An ANOVA checks for an overall difference in groups, i.e. you know that at least two groups differ from each other, but you don't know which groups. Under most circumstances you would therefore like to follow up an ANOVA with one or multiple post-hoc analyses. However, one has to be careful to control the family-wise error rate when following up an ANOVA with multiple post hoc analyses.

The family-wise error rate is the probability of making a type 1 error. Normally our type 1 error rate is denoted by $\alpha$ which we usually keep at 0.05. This means that there is a 5% chance of falsely rejecting the null hypothesis. E.g. We would conclude there is a difference between groups while there is none. If we have 5 different groups and we want to test whether every average differs from every other average with t-tests, we would need 10 tests. This would increase our family-wise error rate. This is because for each individual test we do, there is a 5% chance that we falsely reject the null hypothesis and this adds up. If we don't control for multiple testing, the family-wise error rate $1 - (1 - \alpha)^m$ where m is the number of tests that we do.

To do 10 t-tests all with a significance level $\alpha$ of 5%, what would be our family-wise error rate? Use the formula displayed above and fill in the gaps. What does this family-wise error rate mean in this context?


In MatLab a handy function to follow up an ANOVA with pairwise comparisons is the multcompare(stats) procedure. It is time to take a look at exactly what this function does. Apart from 'stats' in can accept two additional parameters; 'alpha' and 'ctype'. Your multiple comparison function will look like this: multcompare(stats, 'alpha', 0.05, 'ctype', 'hsd'). Ctype specifies which post-hoc test should be used. There's a variety of possible tests to perfom, each of which is preferable under specific conditions. The table below lists the possible values of the 'ctype' argument:

Two-way ANOVA

A two-way ANOVA is used when you want to compare multiple groups across multiple independent variables. To make our dataset suitable for a two-way ANOVA, we have added a new variable called "continent". This variable indicates whether the song was produced in North America or in Europe. Note that this variable has been simulated and was not available in the original datset.

Before we continue with our analysis, let's first get our hypotheses right. Choose the most appropriate null hypothesis for a two-way ANOVA knowing that our independent variables are genre and continent.


To conduct a two-way ANOVA, we can use the anovan function instead of anova1 and `fitlm()`. When doing a two-way ANOVA, our between-group variance is split across both groups. This essentially means that our first variable will explain a certain amount of variance and our second variable will explain a certain amount of variance.
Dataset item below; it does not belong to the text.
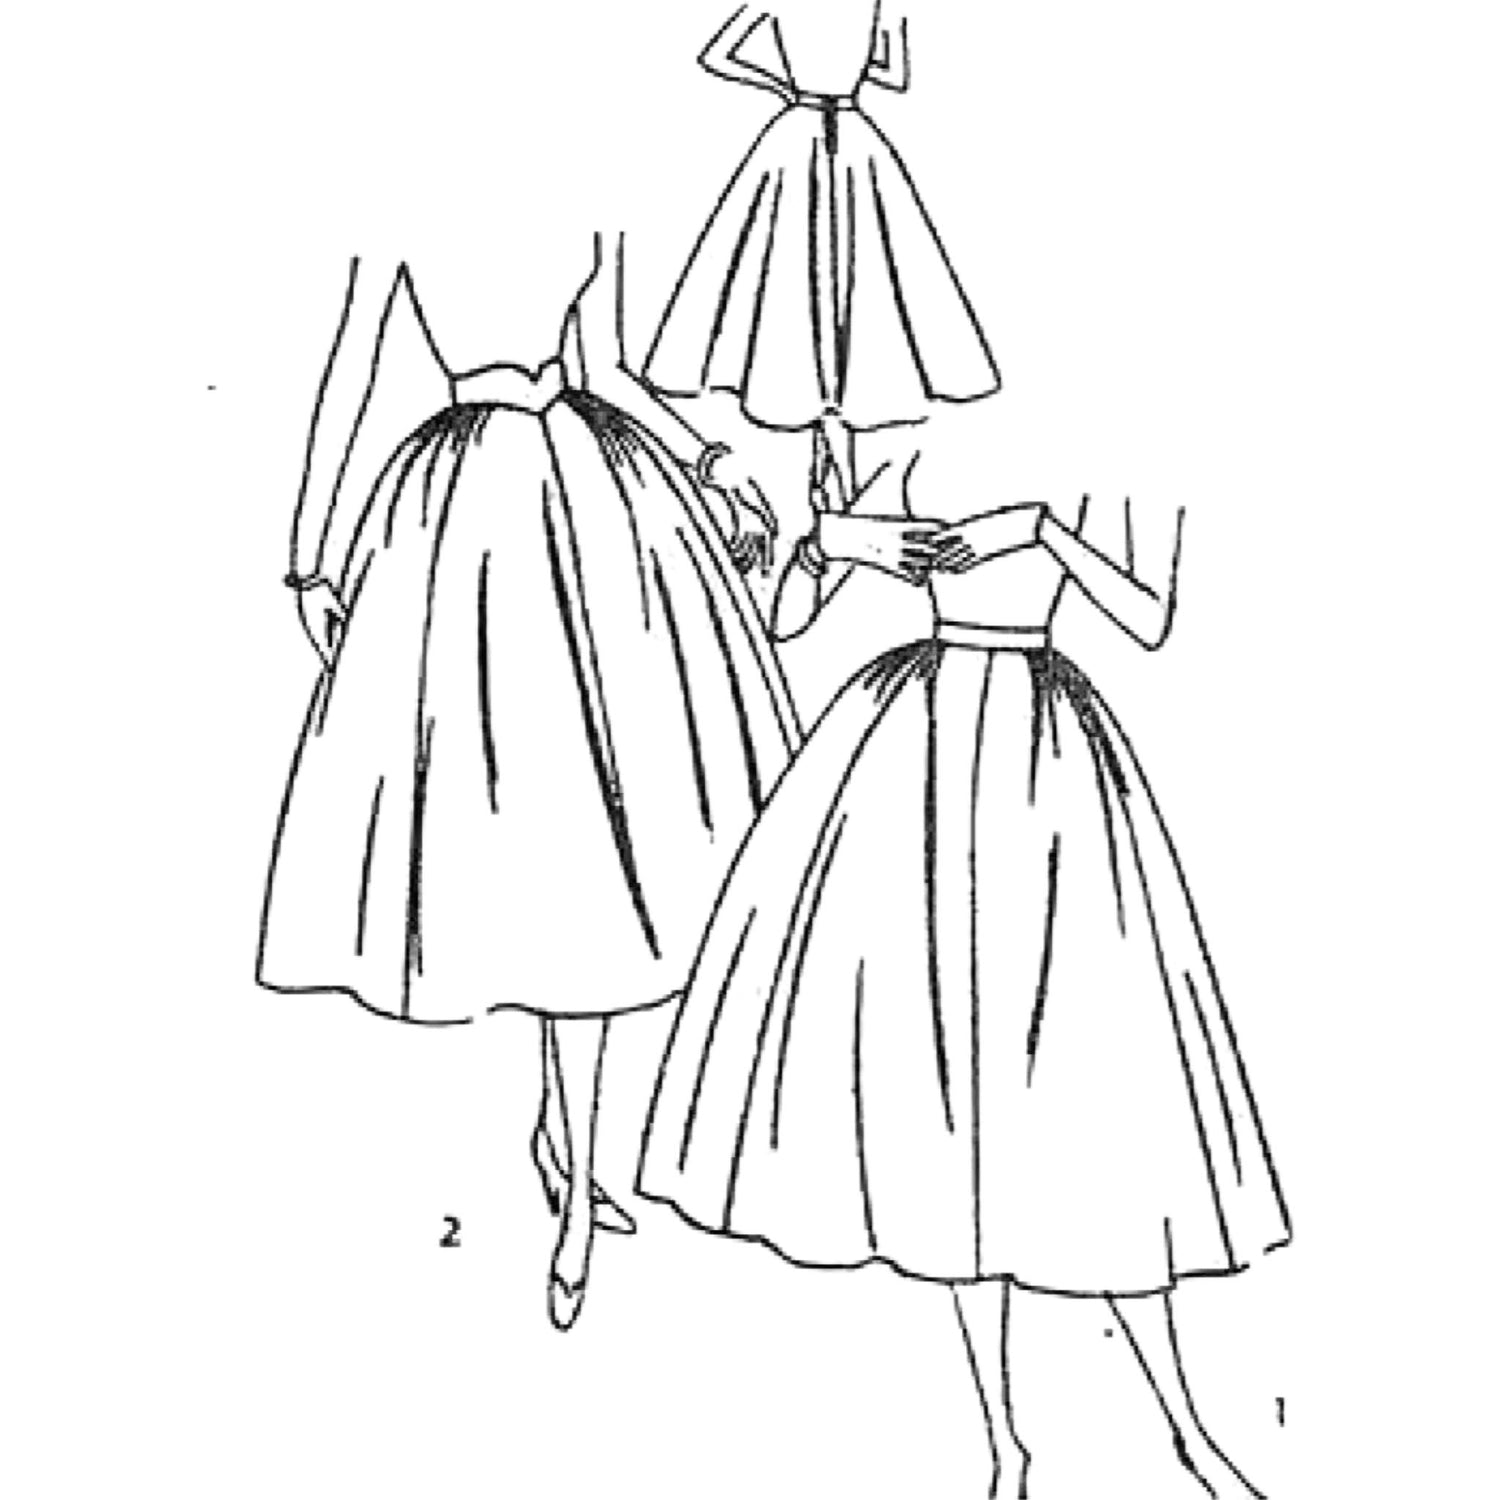 1950s Pattern, Full Circle Skirt, Swing, Rockabilly - lined drawings of skirtss

A new table is made with an extra column of groups ('continent'), and it is available in lab5.mat as songdata2.

You can use the `anovan()` with multiple independent variables like this: `anovan(y,{vg1,vg2,vg3})`, where vg1, vg2 and vg3 represent different categorical variables. You just have to replace y with your dependent variable, and fill in your independent variables as vg1, vg2 etc.
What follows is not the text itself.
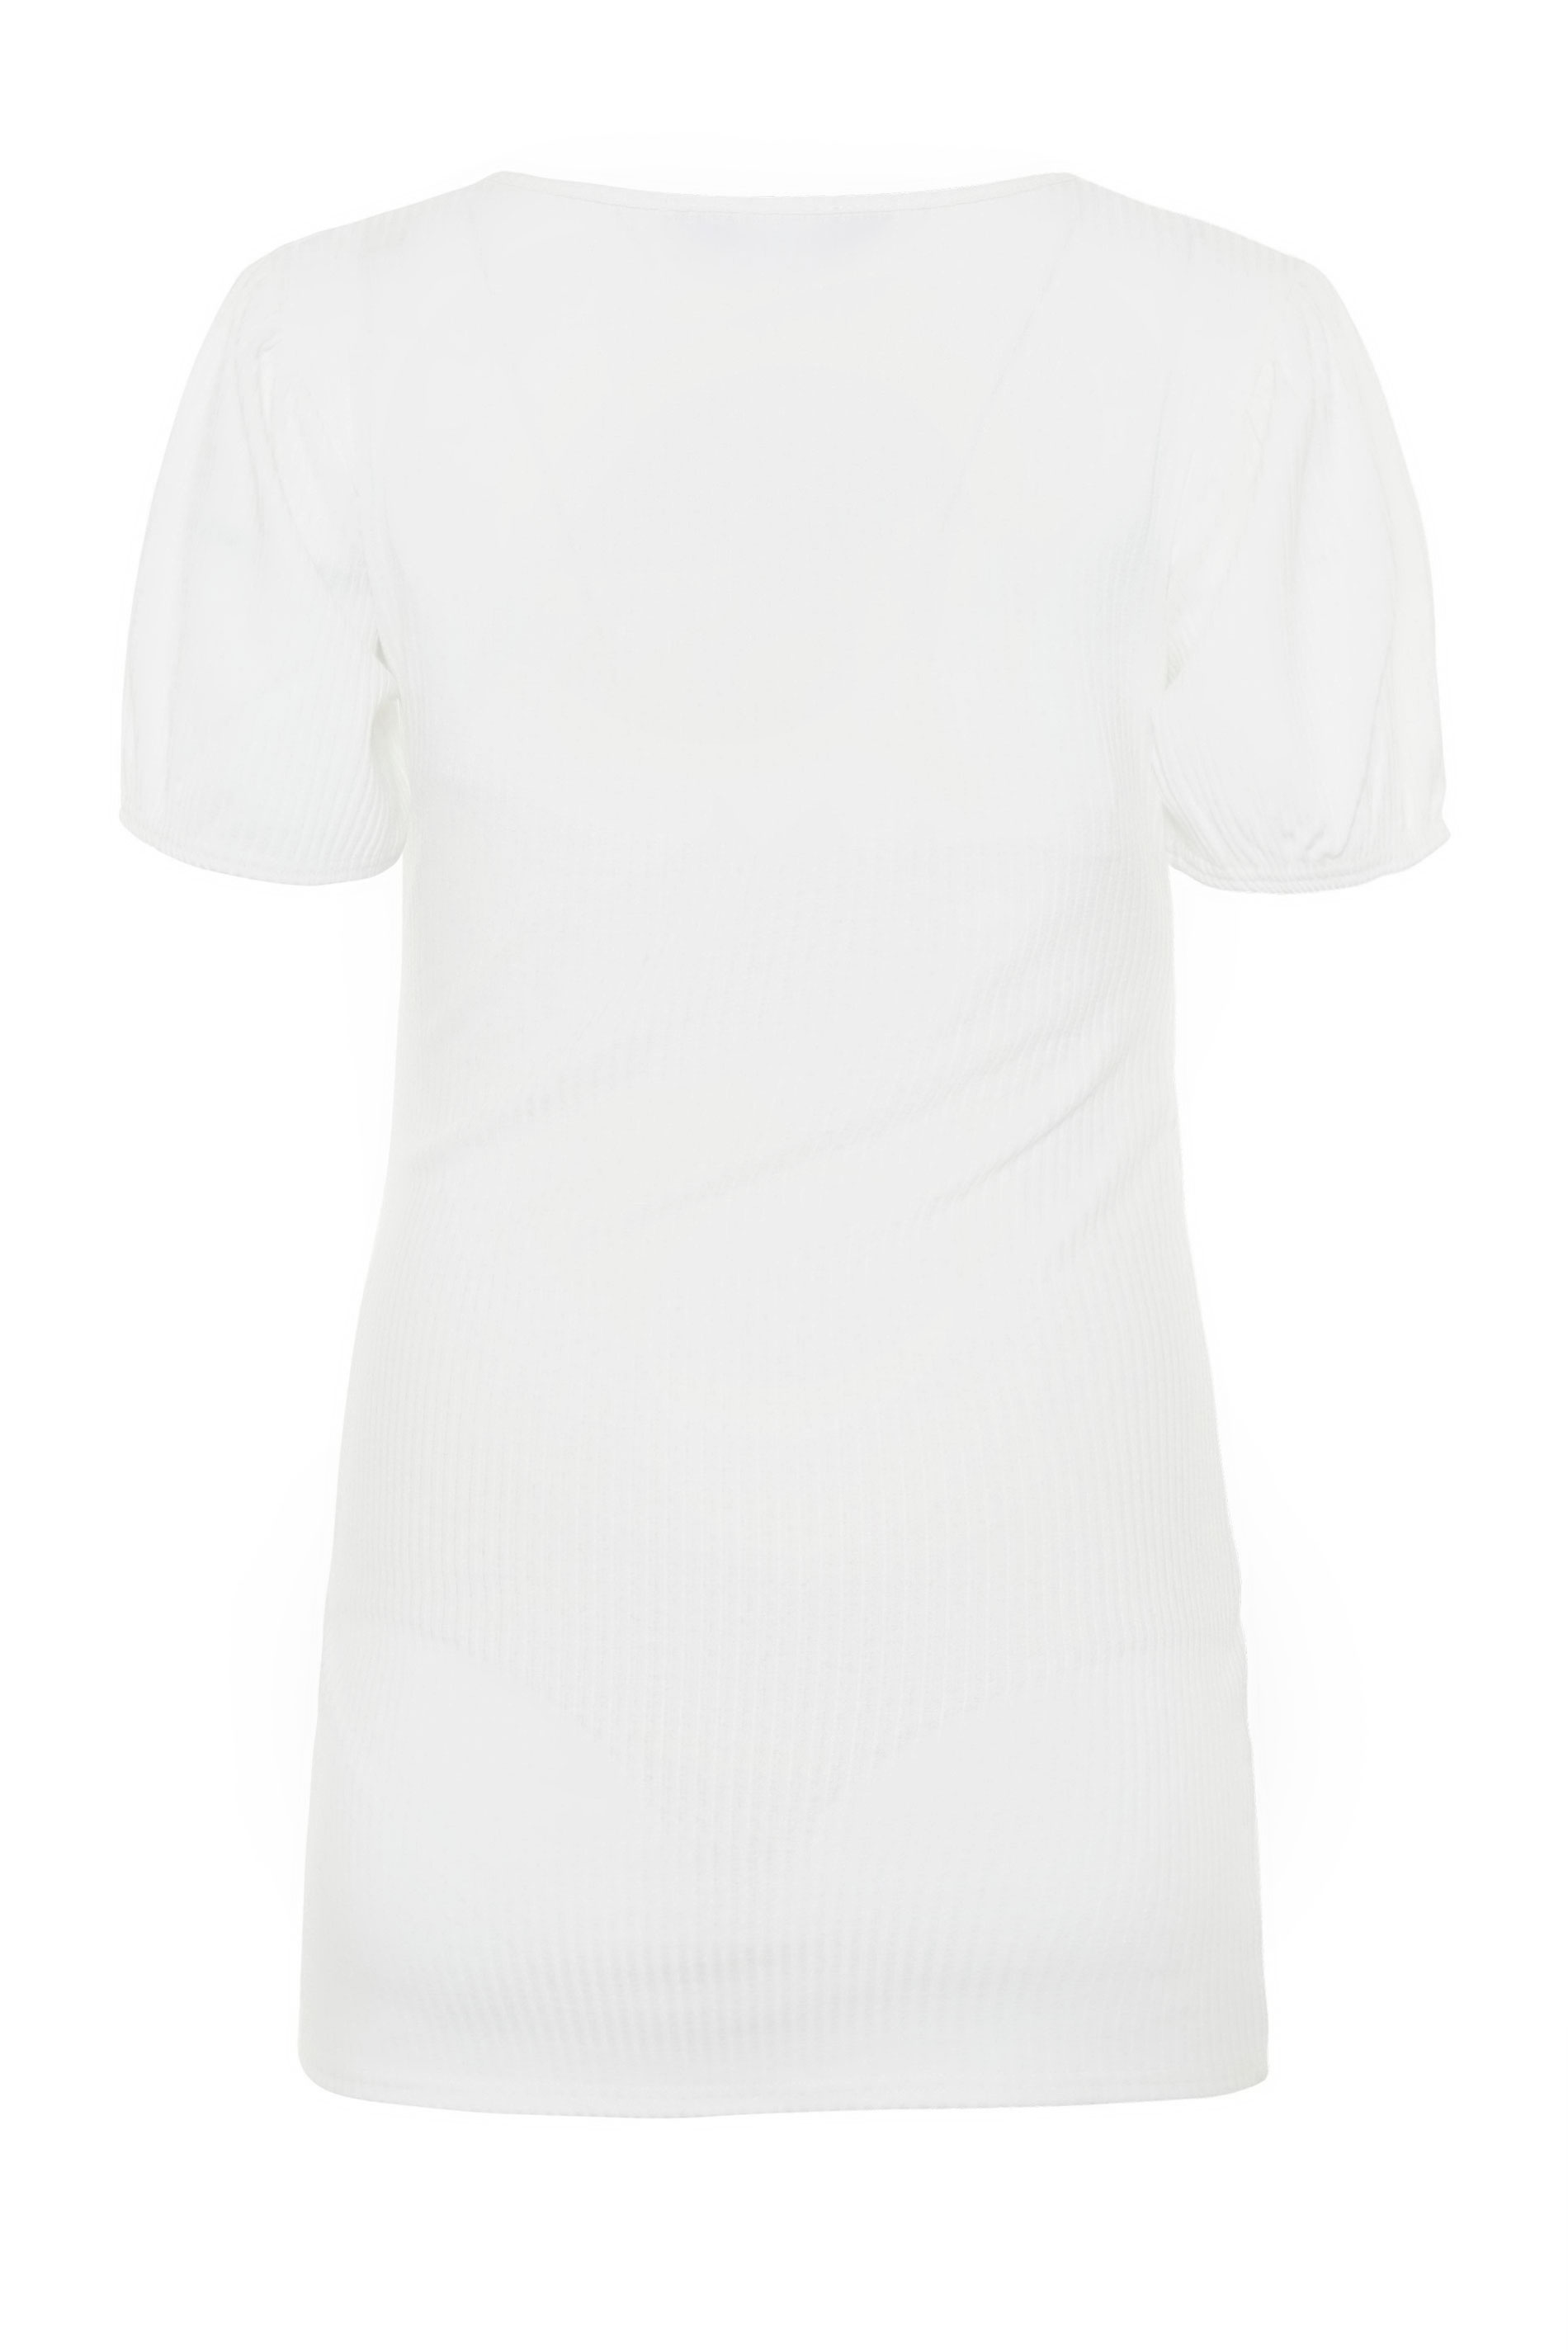 LTS Maternity White Puff Sleeve Top | Long Tall Sally 2

In the last exercise we produced our first two-way ANOVA output. The output is stored in tbl and stats. If you inspect the output carefully, you will see a p value smaller than 0.05 for the both genre and continent variables. What does the p value mean for the genre variable? What does the p value for the continent variable mean?


The inclusion of multiple variables in an ANOVA allows you to examine another interesting phenomenon: the interaction effect. If there is an interaction between two factor variables, it means that the effect of either factor on the response variable is not the same at each category of the other factor. The easiest way to understand an interaction effect at play is to visualize the effect.
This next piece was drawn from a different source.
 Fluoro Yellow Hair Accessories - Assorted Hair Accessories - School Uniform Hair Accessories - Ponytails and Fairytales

The visualization above contains 3 parts. The left top visualization contains the main effect of genre on song duration. As you can see, the pop and hip-hop genres are fairly similar to each other but a classical song has a much longer duration on average. This is where the significance of the genre variable comes from. The left bottom visualization contains the main effect of continent. As you can see, North American songs have on average a longer duration than European songs. However, if you look at the right most plot, you see that this pattern holds for North American and European classical and hip-hop songs but not for pop songs. European pop songs have a higher song duration than American pop songs. This is exactly what is meant with the statement that the effect of either factor on the response variable is not the same at each category of the other factor.

In MatLab, you include an an interaction term in your model by adding the 'interaction' argument into the anovan function, like this: |[p,tbl,stats] = anovan(y, {g1,g2,g3}, 'model', 'interaction'). In multcompare(), to get an overview of which group of which level differs from others, and how, add the following arguments to the function call: multcompare(stats,'Dimension',[1 2],'alpha',0.05)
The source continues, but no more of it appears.